At her first parent-teacher conference, the teacher discussed her son’s progress in math and reading, then said he had a hard time following the rule about not touching other kids. Choi felt “disappointed, humiliated, and dumbfounded.”

I expected to have a conversation with the teacher. I expected the teacher to ask questions about Michael’s family life. I expected a true parent-teacher partnership for the benefit of his education. I expected the teacher to take an interest in my approach to raising Michael.

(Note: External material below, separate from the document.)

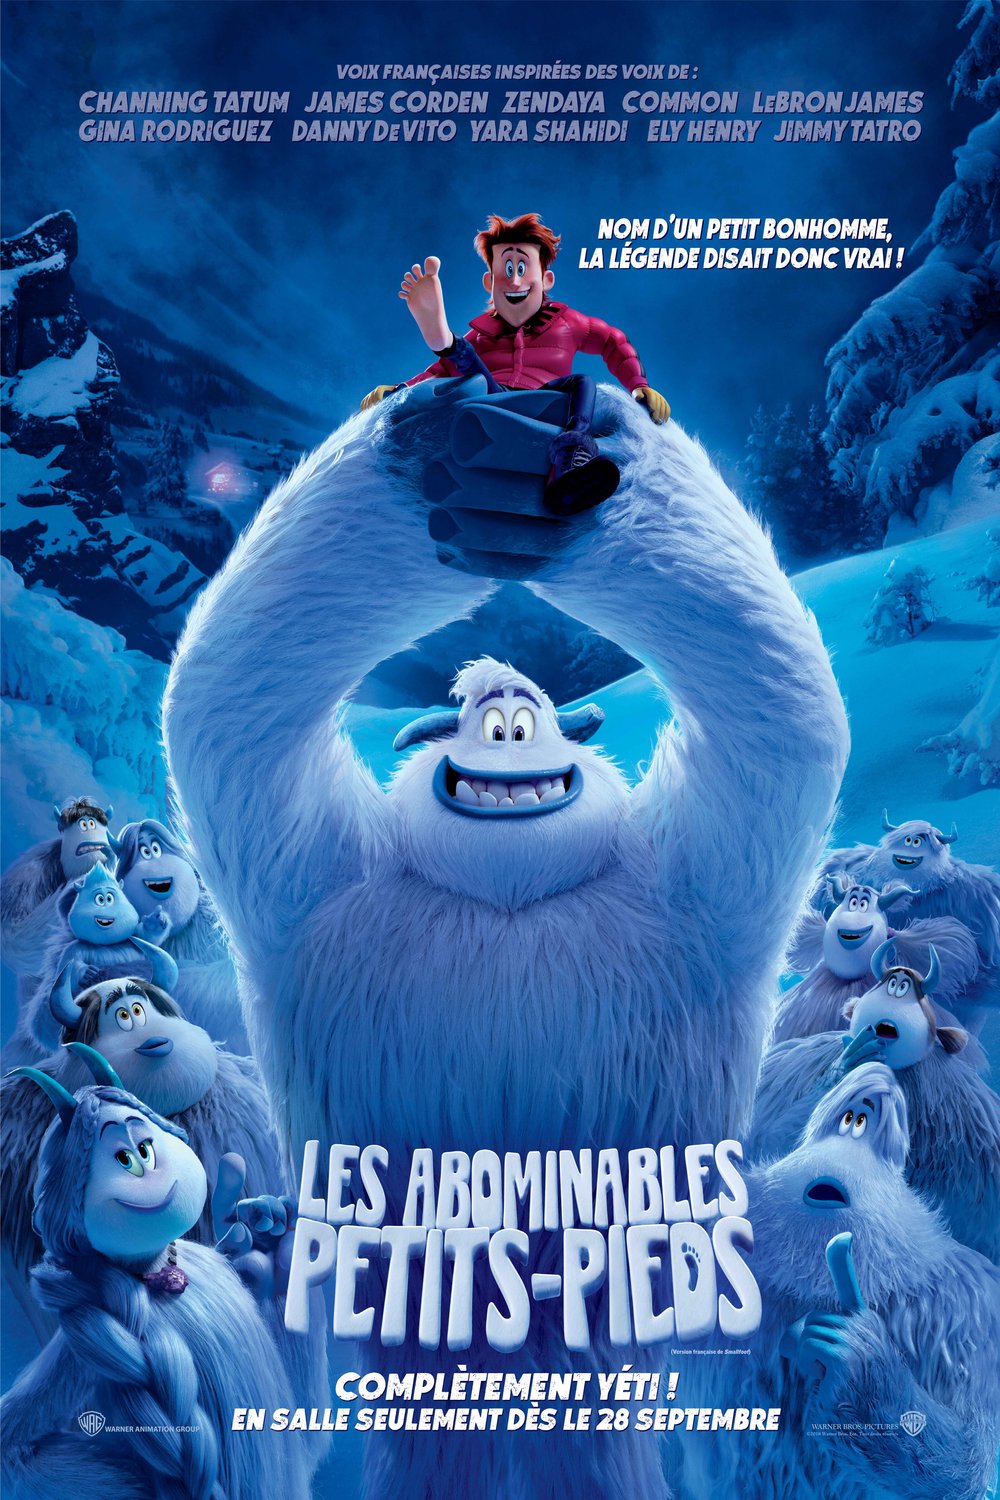 Poster of the movie Les Abominables Petits-Pieds

But all I heard from his teachers — that year and the next — was information about where he stood on the spectrum from struggling to smart and where he stood on the obedience spectrum (from disruptive to respectful).

The no-touching rule exemplifies “everyday institutional racism,” writes Choi. “In South Korea where I grew up, personal space or privacy wasn’t valued like it is for many Americans.” In her family, there are no clear boundaries between “your space” and “my space.”

As he gets older, Michael will learn code-switching — practicing different behaviors and observing different values in different settings. But for now, he has a hard time following the no-touching policy. Worse, because he brought his home culture to school, he has already been labeled as an unruly kid who struggles to follow the rules. “Mommy,” he told me in kindergarten, “I am in the bad behavior group at school.”

Choi didn’t try to explain Korean culture to the teacher. “How could I carry out a conversation with someone who does not know me and does not try to know me, who offers no analysis and insights but only judgment?”

What do you think? Is Choi asking too much of her son’s teachers?